The point total UH allowed at UNR is still a season high for a 40-minute game. The Rainbows have done an otherwise respectable job of defending, ranking 13th nationally in field-goal defense at 39.0 percent.
A fifth WAC victory would make it unlikely that the Rainbows would finish in last place and miss out on the WAC tournament for a second straight year. San Jose State (3-9) and Louisiana Tech (2-10) are running out of time to catch up with four games remaining apiece.
UH’s degree of preparation — the most for any team this season, Arnold said — was the opposite of the last meeting, which capped a stretch of five games, including the Diamond Head Classic, in just over a week.
Talented Nevada continues to perform well in league play after a 1-7 overall start to the season, thanks in large part to the emergence of forward Olek Czyz, a transfer from Duke. The Pack might not be rested, but they are riding high on an improbable win at San Jose State on Saturday.
UNR rallied from a 15-point halftime deficit to stun the Spartans. SJSU had a two-point lead and possession of the ball in the final seconds of regulation, but Pack guard Deonte Burton stole the ball from SJSU’s Adrian Oliver, got fouled with 3 seconds left, and sent the game into the extra period.
Four Wolf Pack players — guards Malik Story and Burton and forwards Dario Hunt and Czyz — average between 13.9 and 12.8 points per game. Czyz had his breakout game against UH with 19 first-half points. Those four combined for 75 points against UH in Reno.
"I think those four players are as good as any players in their position in the WAC," Arnold said. "When they have it clicking, they’re really hard to beat."
Hunt leads the WAC in rebounding at 10.0 per game. He and Czyz shoot better than 53 percent from the field.
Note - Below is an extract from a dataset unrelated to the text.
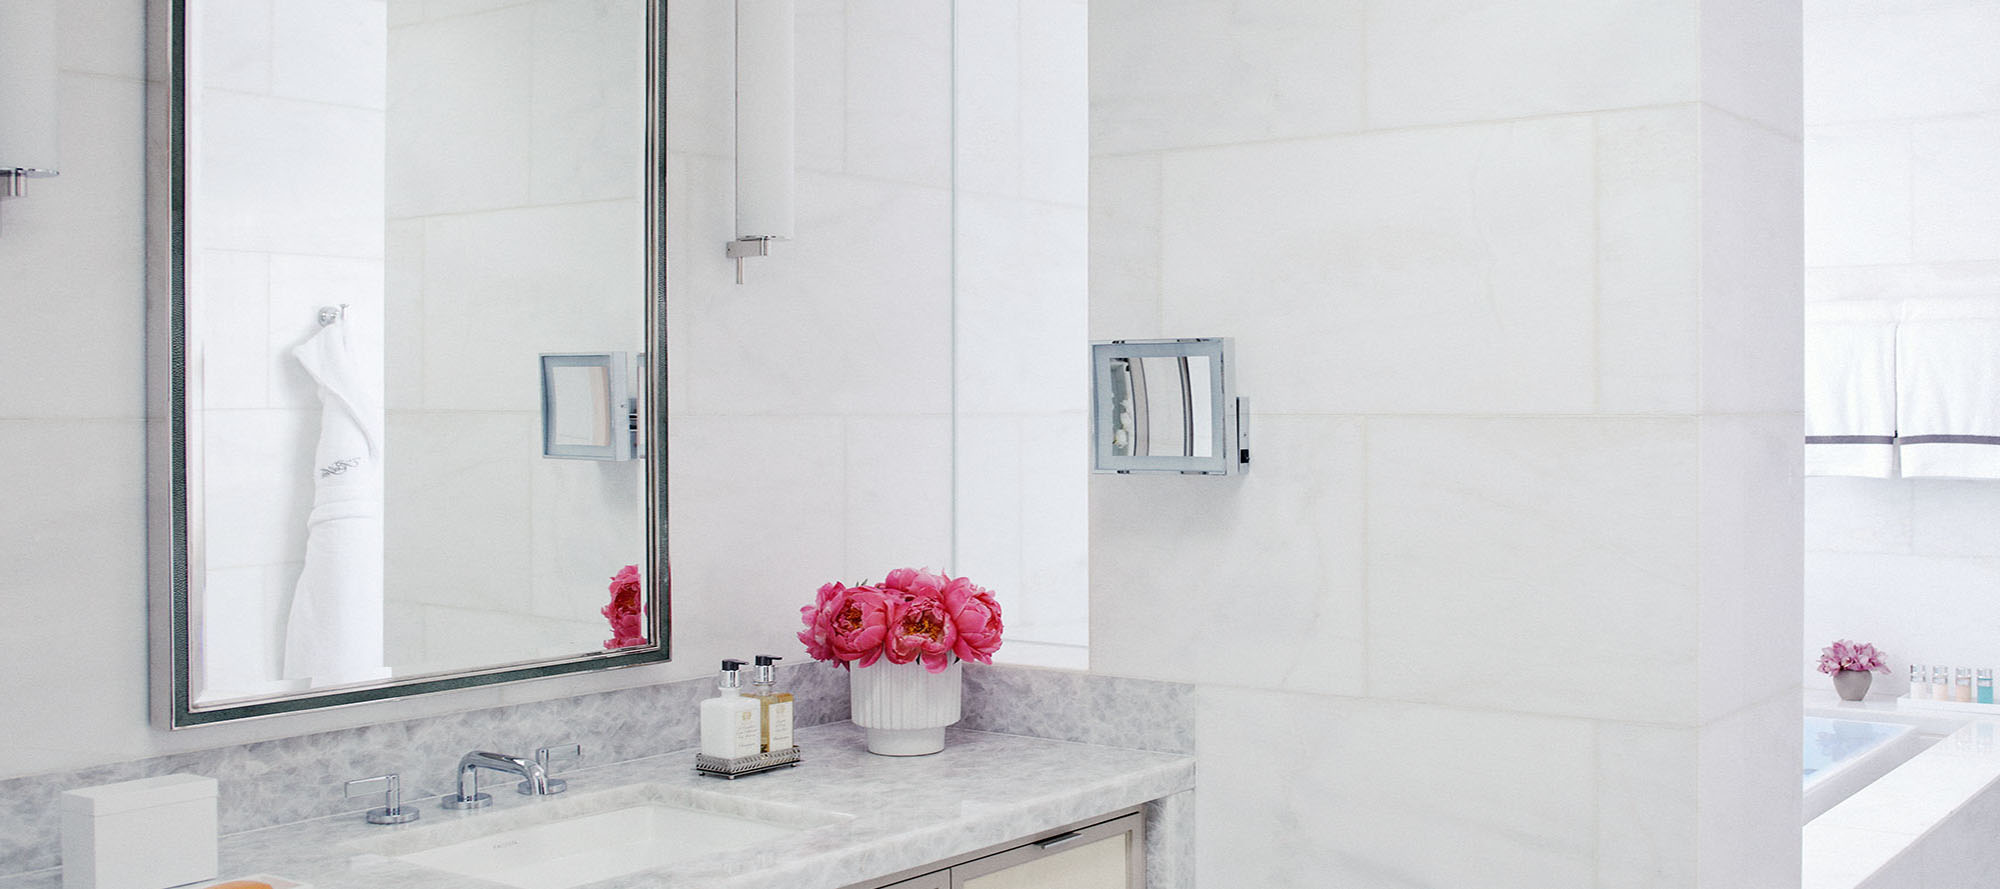 One Sink Faucet, Gooseneck Spout, Lever Handles   P24490-LV ...

Hawaii assistant coach Benjy Taylor, who was the scout on UNR, says the difference could be UH senior forward Bill Amis, one of two Rainbows averaging a team-best 14.3 ppg. The previously injured Amis did not play in that game.
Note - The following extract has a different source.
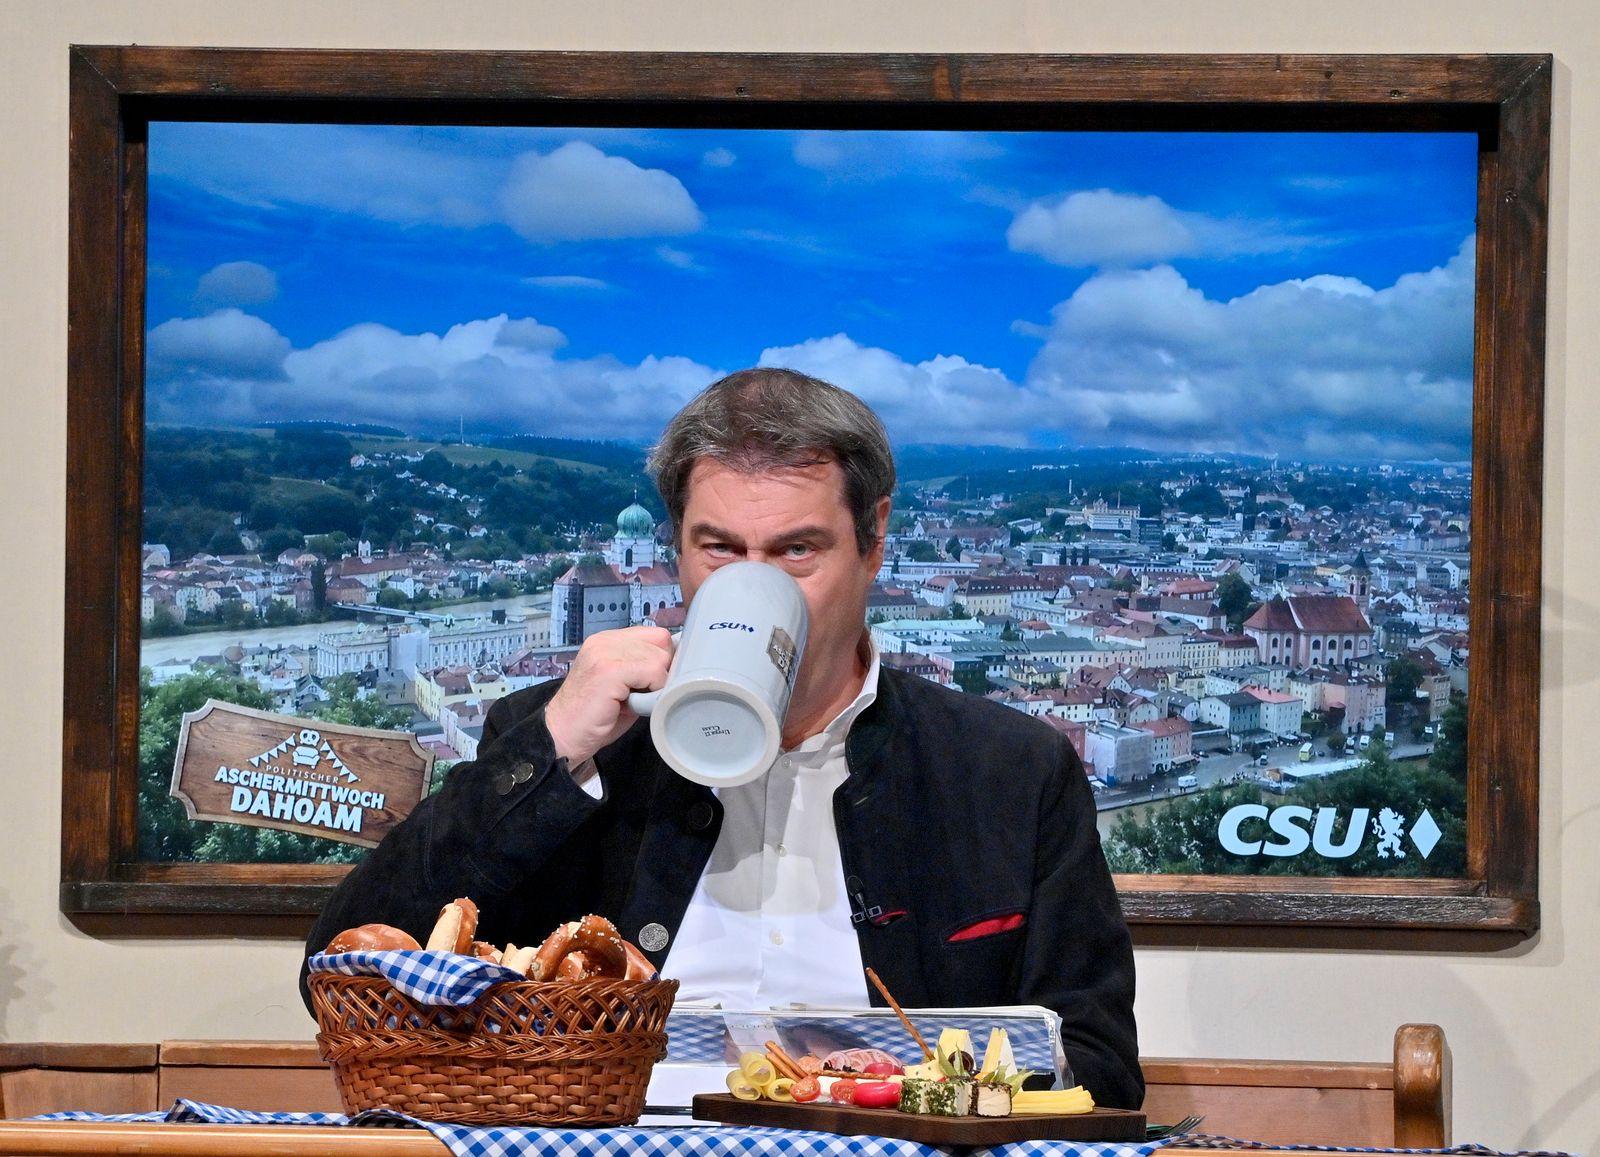 Politischer Aschermittwoch in Bayern - CSU

"They have a swagger about them, and they’ll come in here thinking they can beat us," Taylor said. "We’ll just have to hold serve at home."
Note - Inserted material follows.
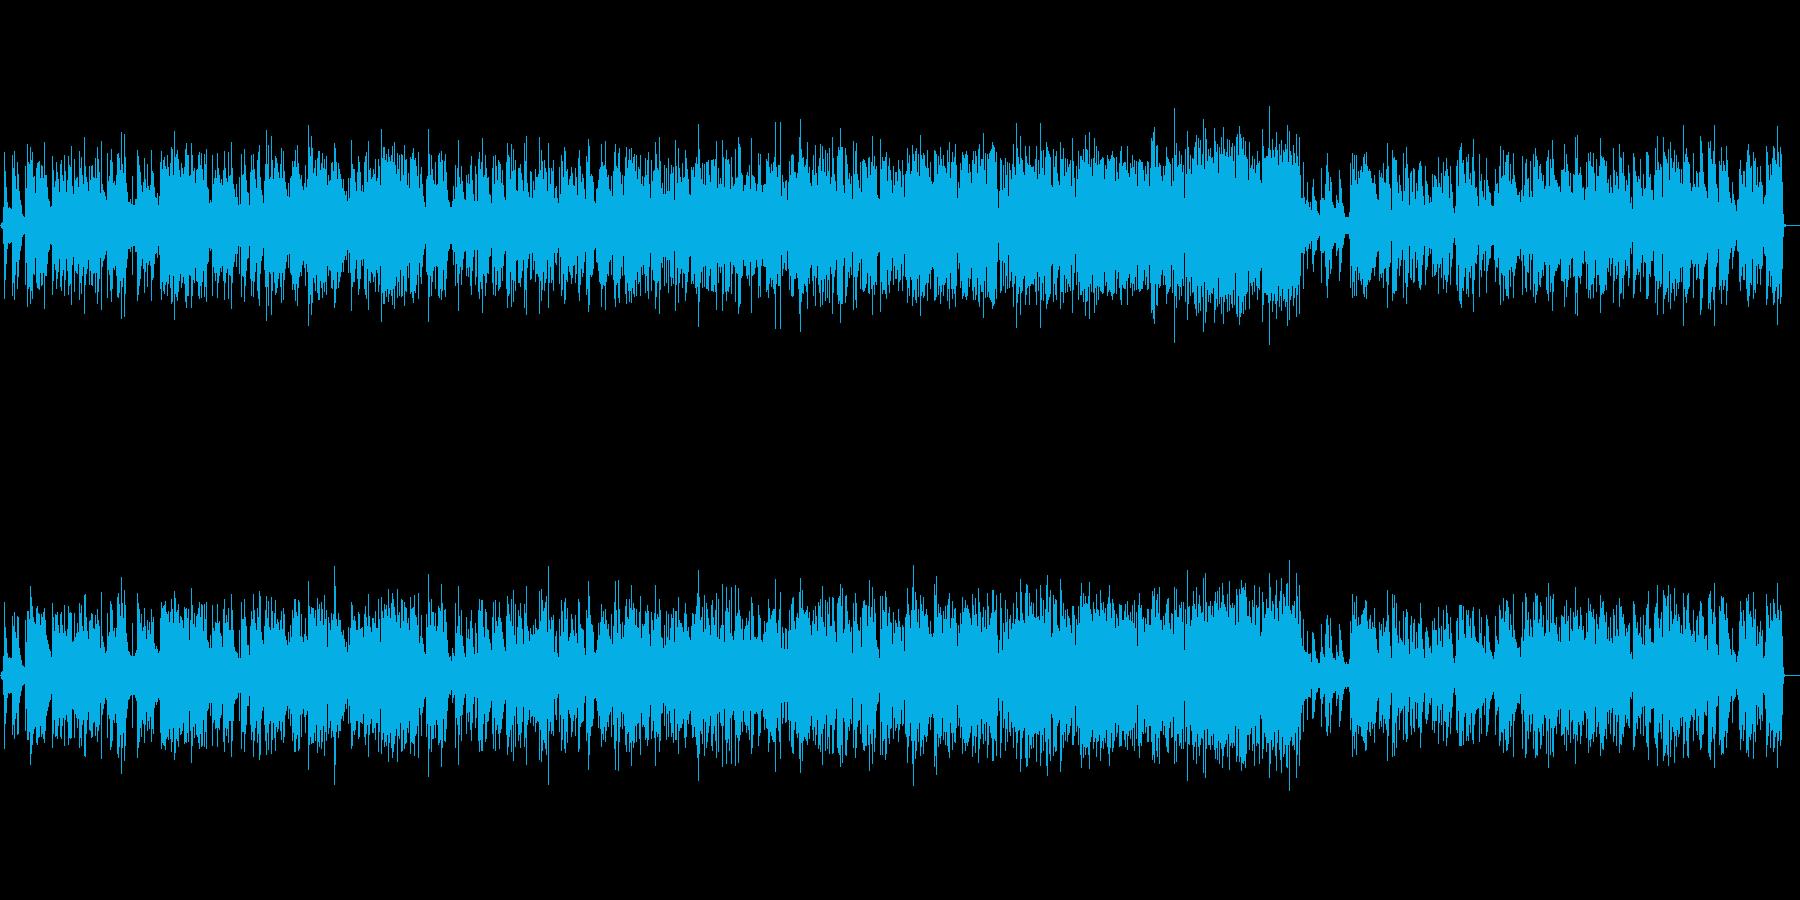 少し怪しい雰囲気のワルツの再生済みの波形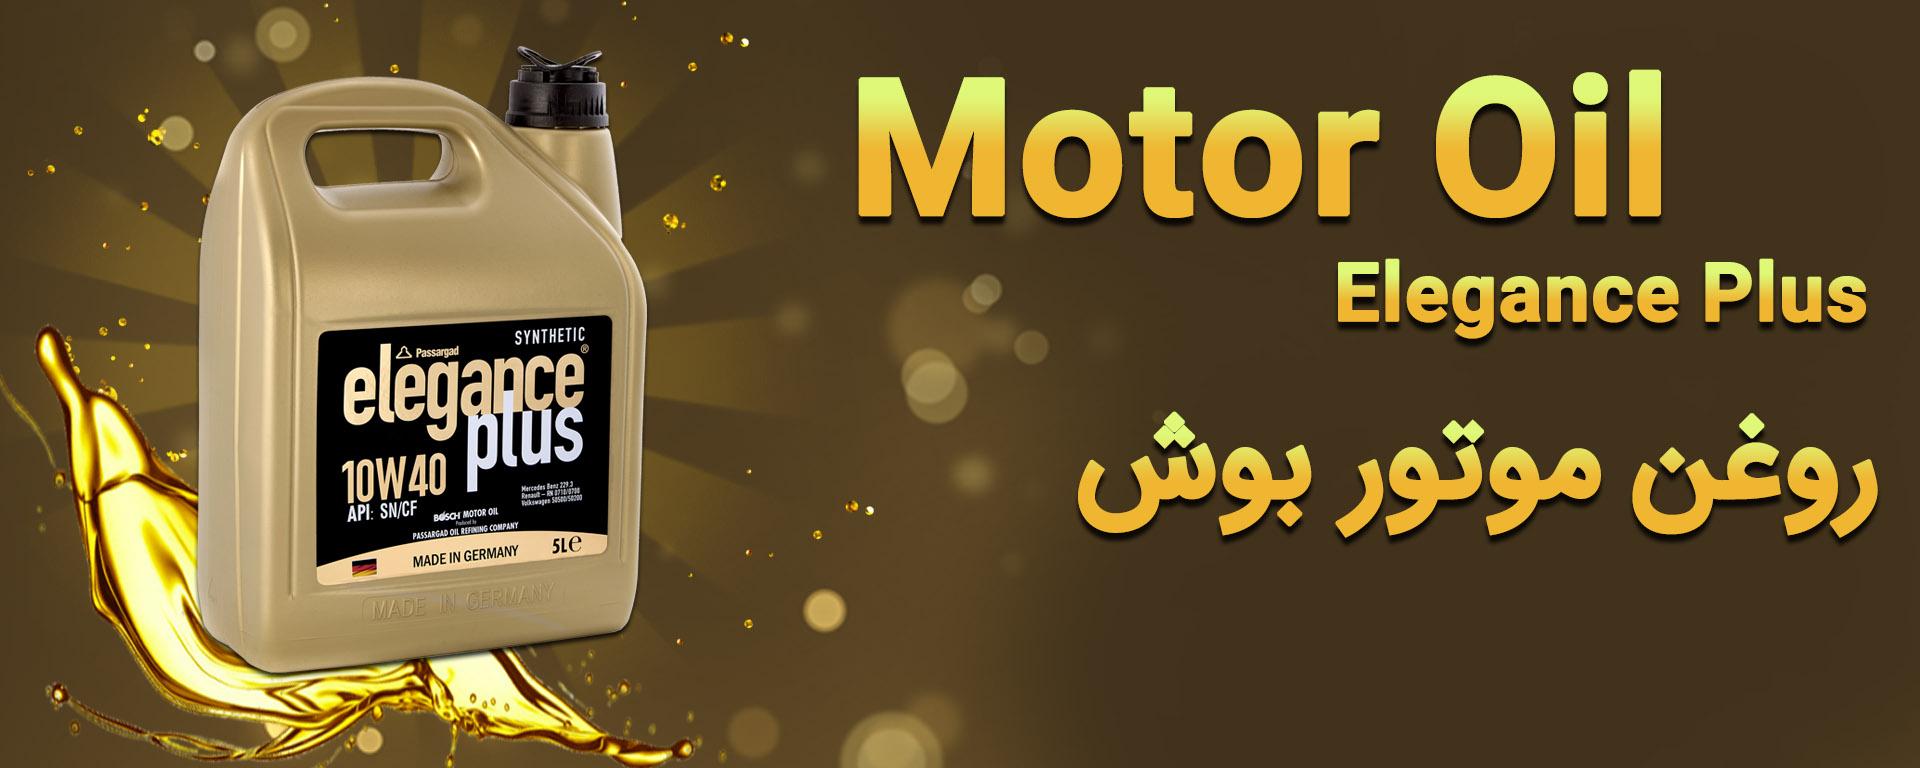 motor oil banner

Junior guard Zane Johnson is UH’s other top scorer and is second in the WAC in 3-point makes per game at 2.9. He finished with 10 points in the teams’ previous meeting.
"We’re saying that was last year, so we’re a whole different team now," Johnson said. "We know that, and I think teams around the league know that. We’ve stepped it up defensively."
Second-year UNR coach David Carter said UH has become much more of an inside-out team since that game. Amis and Joaquim have played increasingly well, while Johnson has been UH’s only consistent perimeter threat in WAC play.
"Seems like it’s been so long since we played them," Carter said after the Wolf Pack arrived in Honolulu yesterday. "I know they’re a different team. I think we’re a different team. I think we’re starting to play a little better. I know they are too. … We had to prepare, I think, a little different."
The week off did a body good for senior point guard Hiram Thompson, who needed stitches to sew up a gash just above his right eye at Boise State. He was then sick to his stomach two days later at Idaho. Each caused him to play limited minutes.